Research quesion 1: Is there an association between being diagnosed with a stroke and body mass index among responders who were told they were diabetics?
This question is of interest to me because of the increasing number of people affected with diabetes and diabetes complications each year. Body mass index has been identified as one of the risk factors for diabetes complications such as stroke.
Research quesion 2: Is there an association between being diagnosed with heart attack and Body Mass Index among responders who were told they were diabetics?
This question is of interest to me because I wanted to compare whether there is a stronger association between body mass index and heart attack among diabetics compared to an association between body mass index and stroke.
Research quesion 3: Is there an association between chronological age and being told that diabetes has affected the eyes among responders who were told they were diabetics?
This question is of interest to me because diabetes retinopathy is a leading cause of blindness among the elderly diabetic population
Research quesion 1: Is there an association between being diagnosed with a stroke and body mass index among responders who were told they were diabetics?
mydata %>% filter(Told_diab == "Yes", BMI != "NA", Diag_CVA != "NA") %>% group_by(Diag_CVA, BMI) %>% tally() %>% filter(Diag_CVA == "Yes") %>% arrange(desc(n))

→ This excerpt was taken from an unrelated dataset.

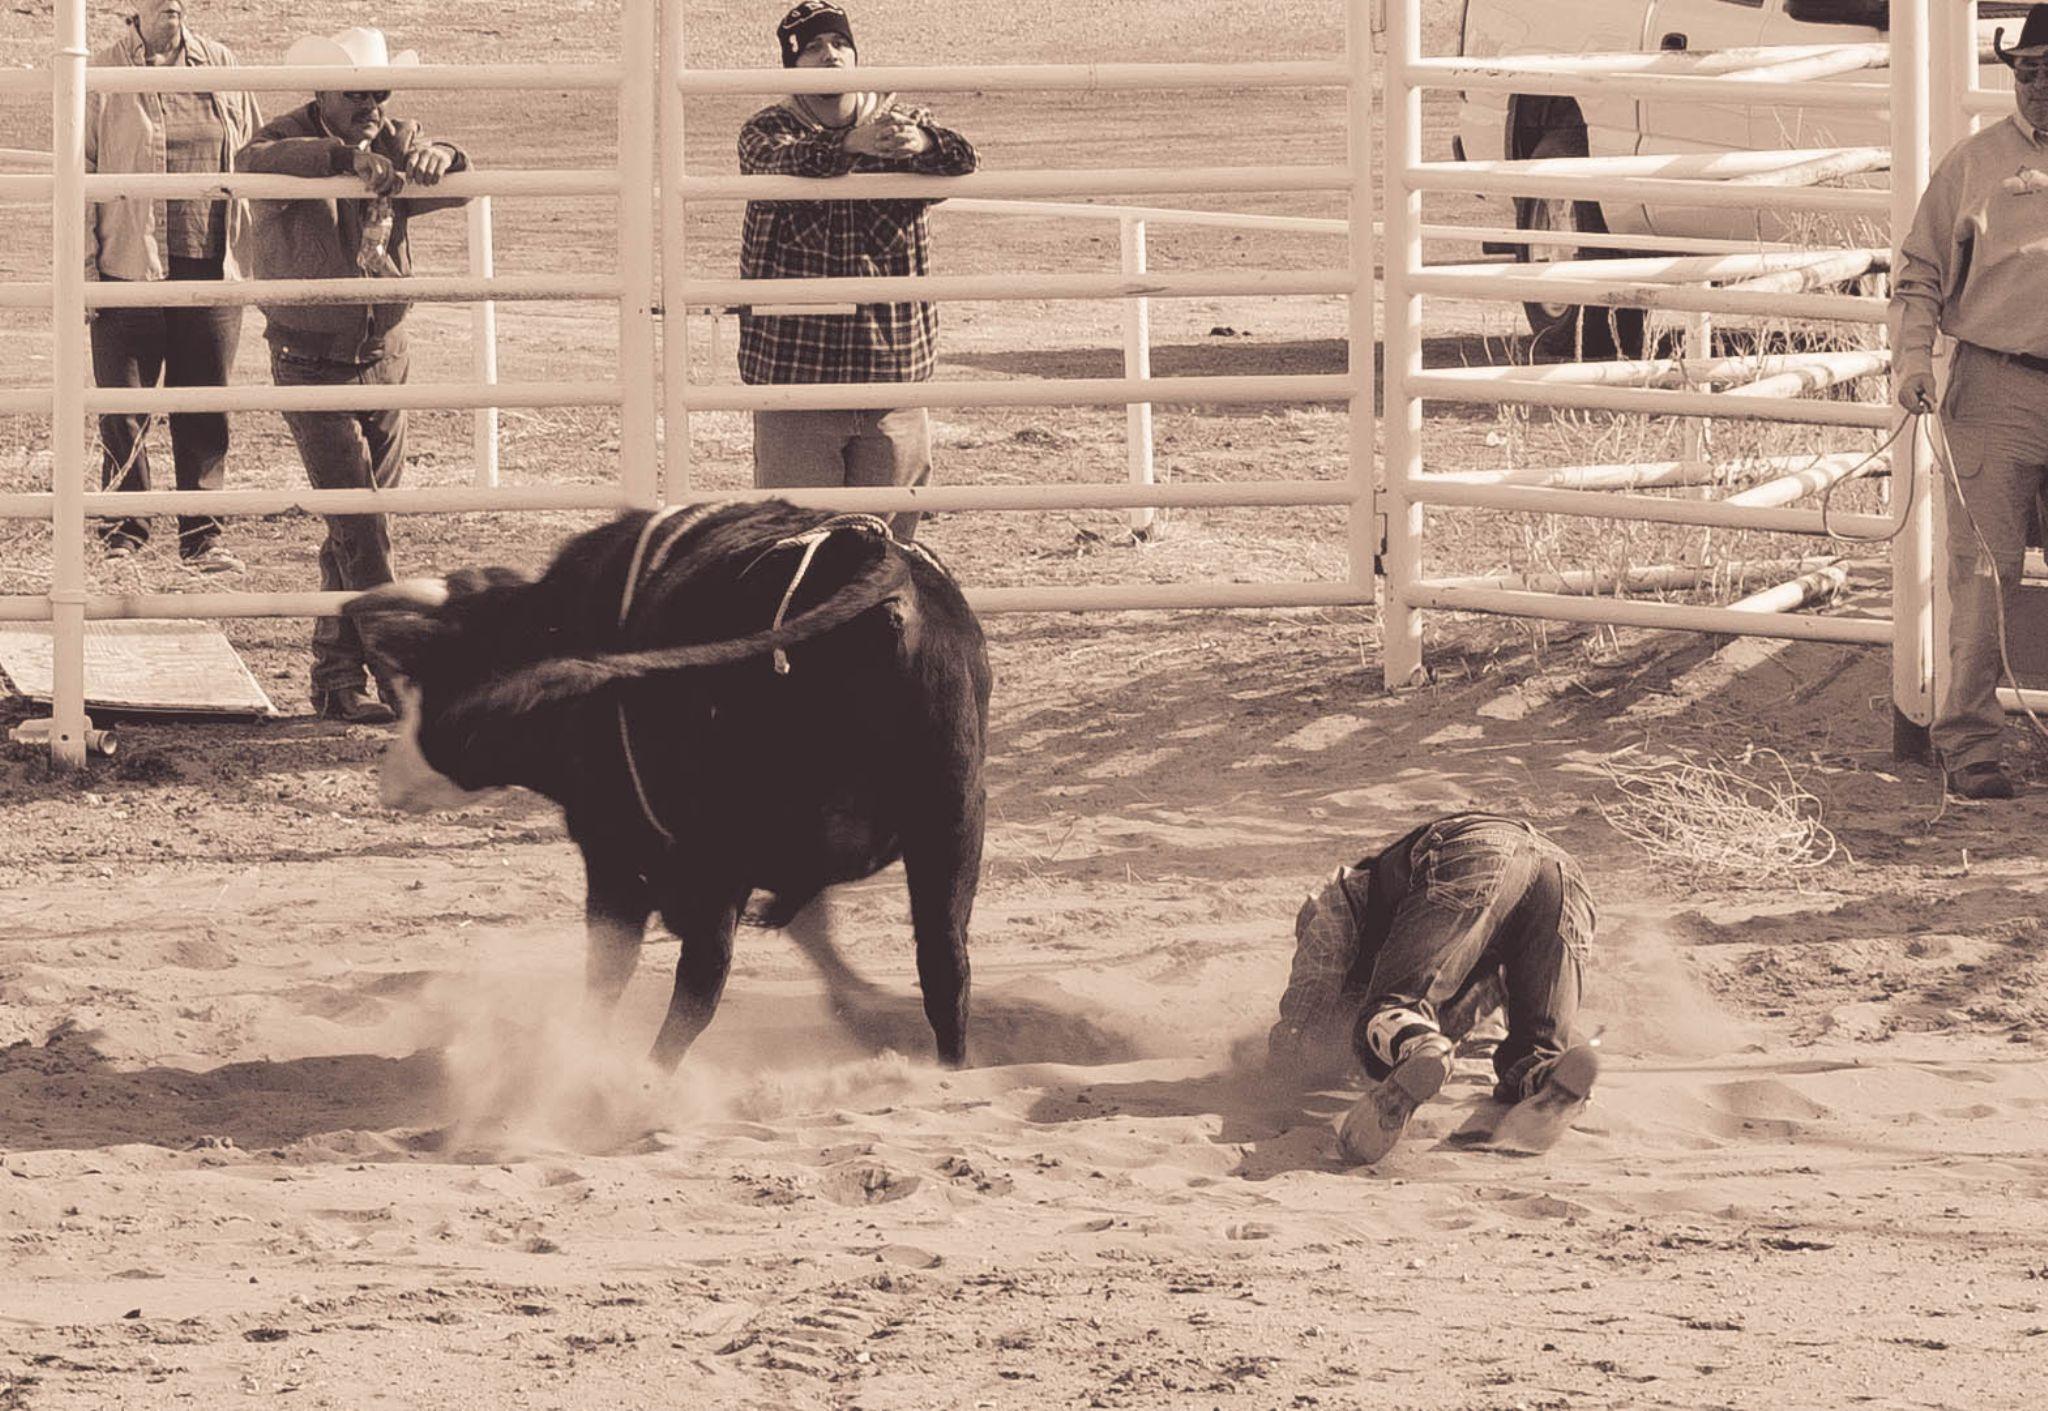 texas bullriding by Connie Anderson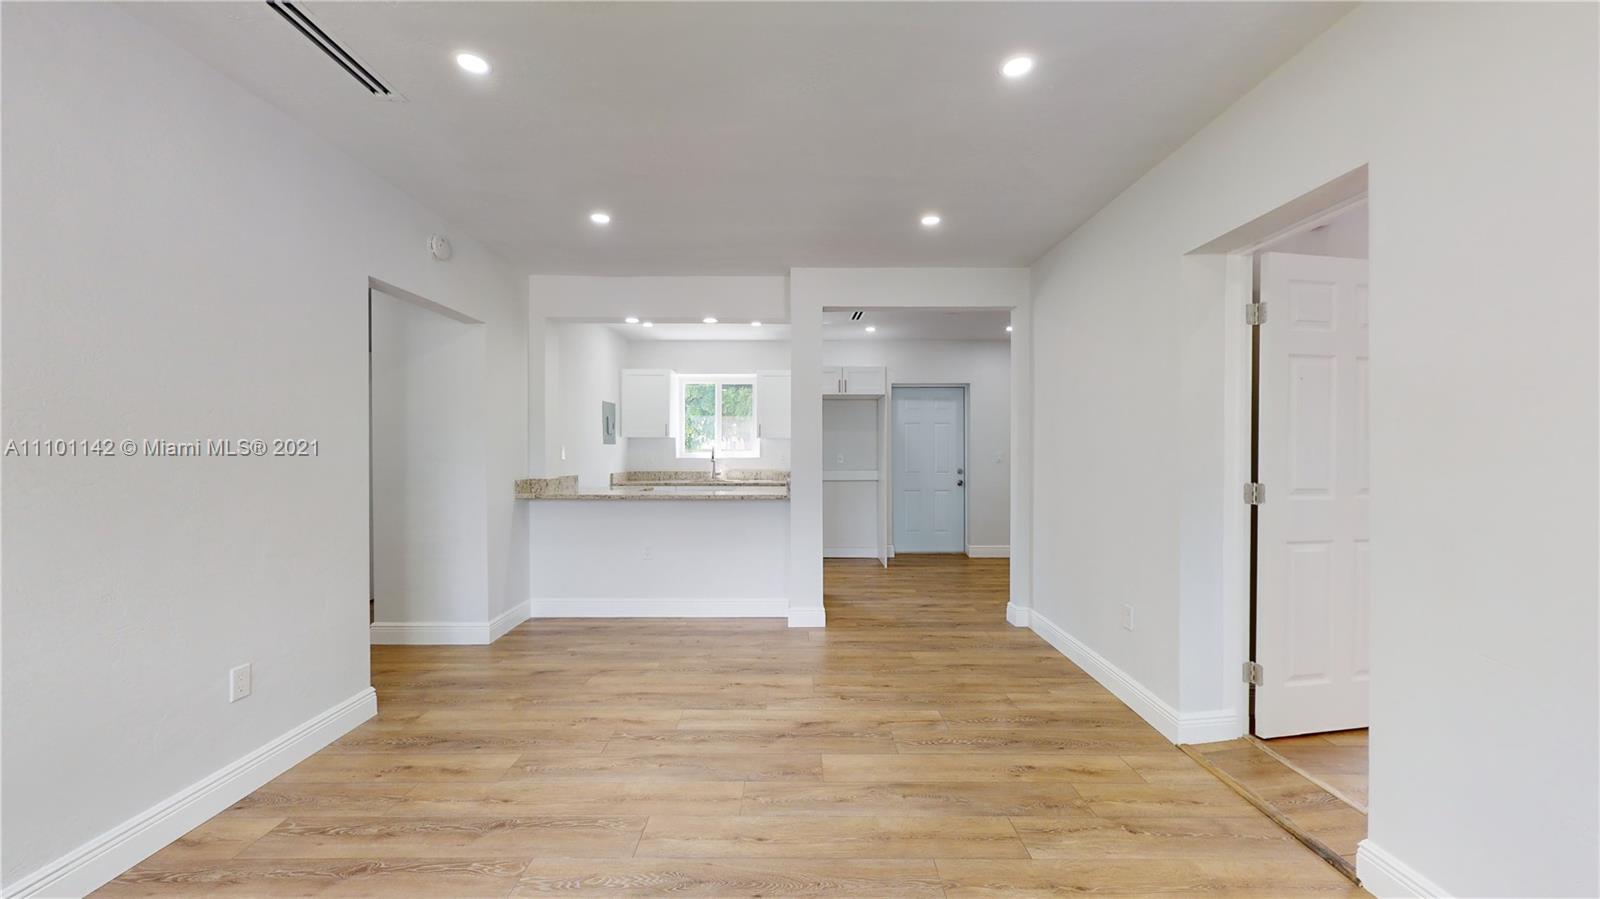 Single Family Home For Sale ARCOLA GARDENS1,111 Sqft

## Source: local data frame [4 x 3]
## Groups: Diag_CVA [1]
##
## Diag_CVA BMI n
## <fctr> <fctr> <int>
## 1 Yes Obese 2962
## 2 Yes Overweight 1978
## 3 Yes Normal weight 1025
## 4 Yes Underweight 56
Table 7 above suggests that there is an association between increasing BMI and being diagnosed with a stroke among responders who were told they were diabetics. However, the number of responders who were told they were diabetics also increased with increasing BMI as shown in the plot below. It is difficult to determine whether the increase in number of strokes among diabetics is associated with increasing BMI or simply because there were more diabetics who were obese and overweight in our sample.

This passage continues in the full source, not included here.